Africa's human populations have numerous genetic adaptations linked to resistance to malaria. In addition to Duffy negative blood groups that confer almost complete resistance to Plasmodium vivax and hemoglobinopathies that reduce P. falciparum pathogenicity, there is a relatively higher threshold for bitter taste detection that corresponds geographically to endemic malaria areas. Traditional African anti-malarial therapies feature some extremely bitter treatments, such as touloucouna ('bitter oil') from Carapa procera DC (Meliaceae). However, tolerance to bitter taste may exist in non-human primates as well and probably pre-dates the development of conscious ethnomedicine. This raises the intriguing possibility that dietary compounds may influence malaria. Experiments using a mouse model of malaria demonstrate that a high oral intake of dietary flavonoids significantly reduces parasite loads and enhances the acquisition of immune memory.

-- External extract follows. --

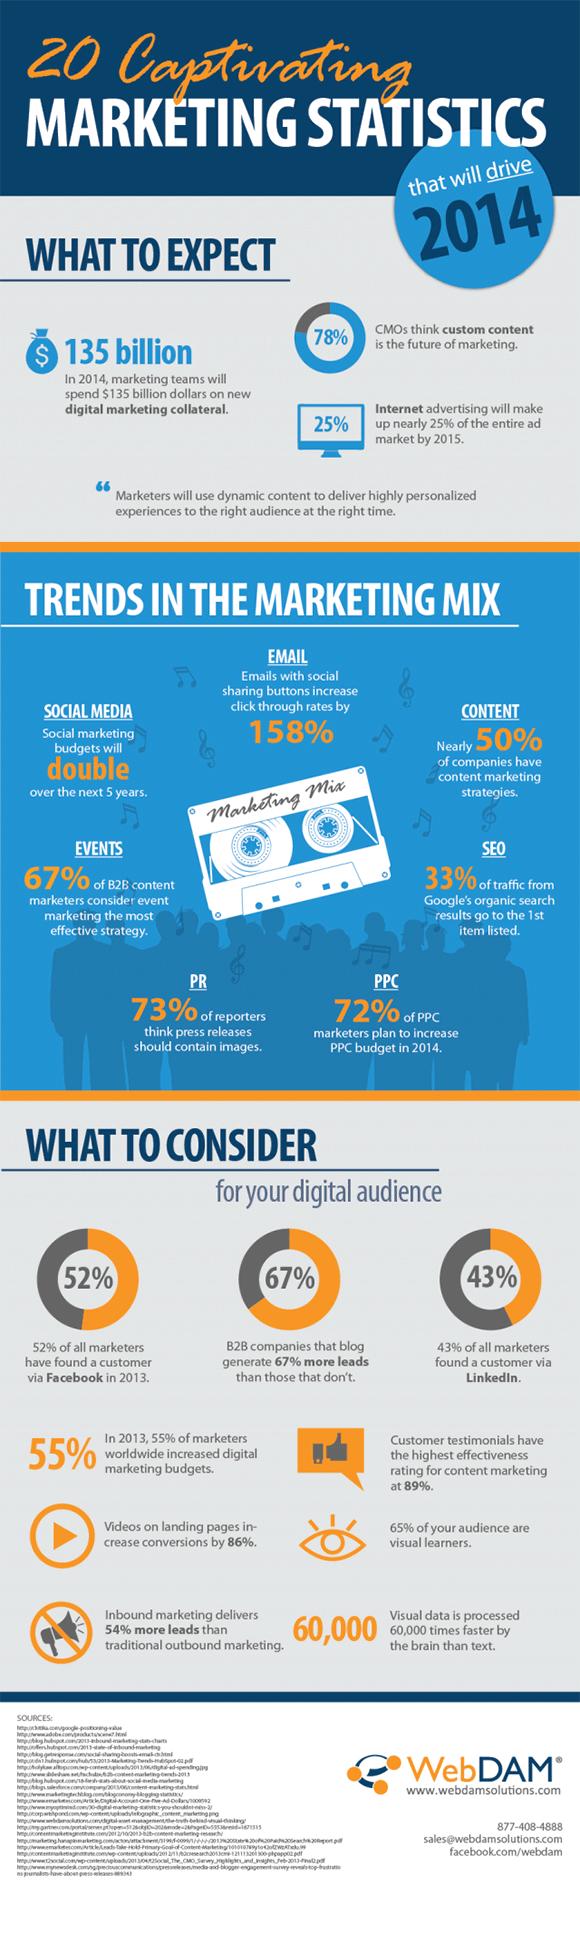 20-Captivating-Marketing-Statistics-Infographic

However, in vitro assays show that flavonoids marginally inhibit P. falciparum at physiological concentrations. Most in vitro investigations of African anti-malarial plants have likewise found only weak anti-plasmodial activity. This discrepancy may be resolved by the higher active compound concentration required to directly kill the parasite compared to the levels needed to modify the host endothelial environment. If flavonoids and other treatment compounds act primarily on the host rather than the parasite, the key effects will not be detectable in vitro. Thus, the current system of relying on in vitro screening of African plant extracts for direct anti-plasmodial activity is misplaced. Indeed, the epidemiological record of the past century shows that compounds with anti-plasmodial potency at nanomolar doses invariably select for drug resistant parasites. If indigenous equivalents to chloroquine or artemisinin had emerged in Africa's past, they would in all likelihood have failed as well. Given Africa's long exposure to malaria and extensive ethnobotanical experimentation with both diet and therapies, it is more likely that host-acting compounds that are not easily overcome by Plasmodium parasites would have been preferentially retained in the indigenous food ways and pharmacopeia.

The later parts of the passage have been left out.